Aegean Flavours, by Didem Şenol Tiryakioğlu

Books
Aegean Flavours, by Didem Şenol Tiryakioğlu – book review

There are a lot of cookbooks emerging at the moment that concentrate on Eastern Mediterranean food.

It’s a broad and interesting cuisine, shaped in large part by geography and the region’s position as the buffer between East and West. Nowhere is this more acute than in Turkey, whose largest city straddles continents, a foot in the east, a foot in the west, a place that is both distinctly Mediterranean and Middle Eastern at the same time, shaped by trade and tradition.

But Turkey is a large and diverse country, and the parts of the country that face the Mediterranean have a rich food tradition that shares much in common with Greece, just across the Aegean Sea. There’s a preponderance of lamb, a dependence on olive oil instead of butter, lots of tomatoes … Mediterranean food with the creeping influence of the Levant, wonderful combinations of flavours and methods, based on good, local ingredients and simple preparation.

Didem Şenol Tiryakioğlu’s book, Aegean Flavours, is a jaunt around eleven of the Aegean region’s best markets, showcasing the best food each has to offer. Part travelogue, part recipe book, Şenol’s book is a vibrant collection of regional recipes, many originating from her own restaurant and experience as a chef in both Turkey and the U.S. Her food is accessible and exciting, challenging and warming.

There are recipes here for things as unusual as lamb’s brain alongside many other, more expected recipes for other parts of the same animal. The recipe that really caught my eye was one for octopus, cooked gently until tender, then quickly sautéed in chilli and fresh oregano, served on sourdough toast, a dish so essentially Mediterranean and yet exotic and demanding.

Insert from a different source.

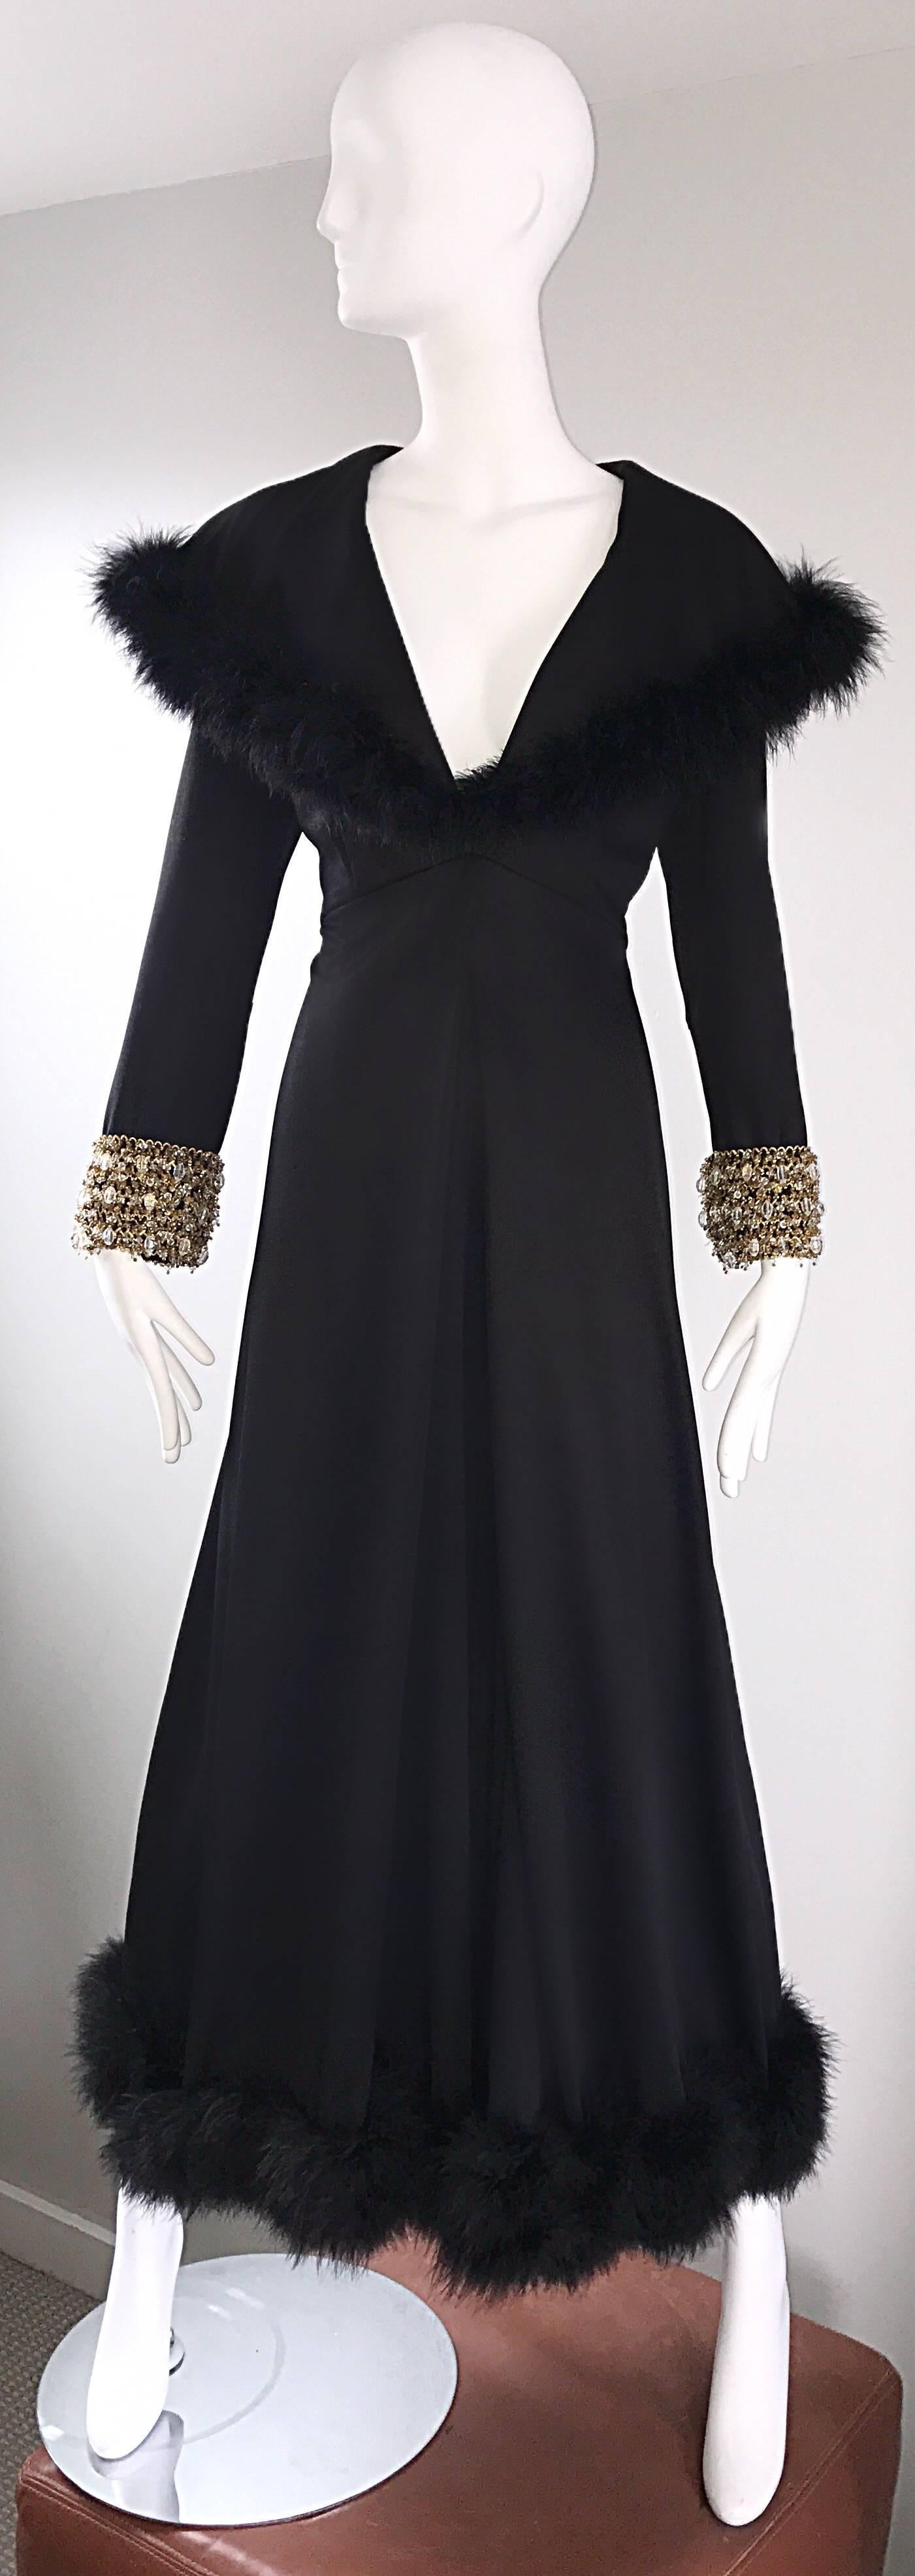 Absolut sensationeller schwarzer Couture-Jersey-Jumpsuit mit Palazzo-Beinen aus den 1970er Jahren! Ich weiß gar nicht, wo ich bei diesem Thema anfangen soll! Couture-Qualität, mit so viel Liebe zum Detail. Schwarze Federn säumen den Kragen in der

The structure of Aegean Flavours is a little confusing at first, based entirely around individual towns and markets and their particular inspiration and produce, which means that desserts, for example, are scattered throughout the book and not collected together in one place. The first person narration of recipes is intended to give the test a personal edge, but it tends to grate after a while … “I boil the whole octopus for 2.5 hours …”. I don’t think I’ve ever seen the word ‘I’ used so much. That said, each of the recipes is clear and direct, with enough information and direction to allow anybody a fighting chance of recreating them at home.

Get past these quibbles and you’re left with a wonderful little collection of recipes from a vibrant and exciting corner of the world, a collection well worth exploring.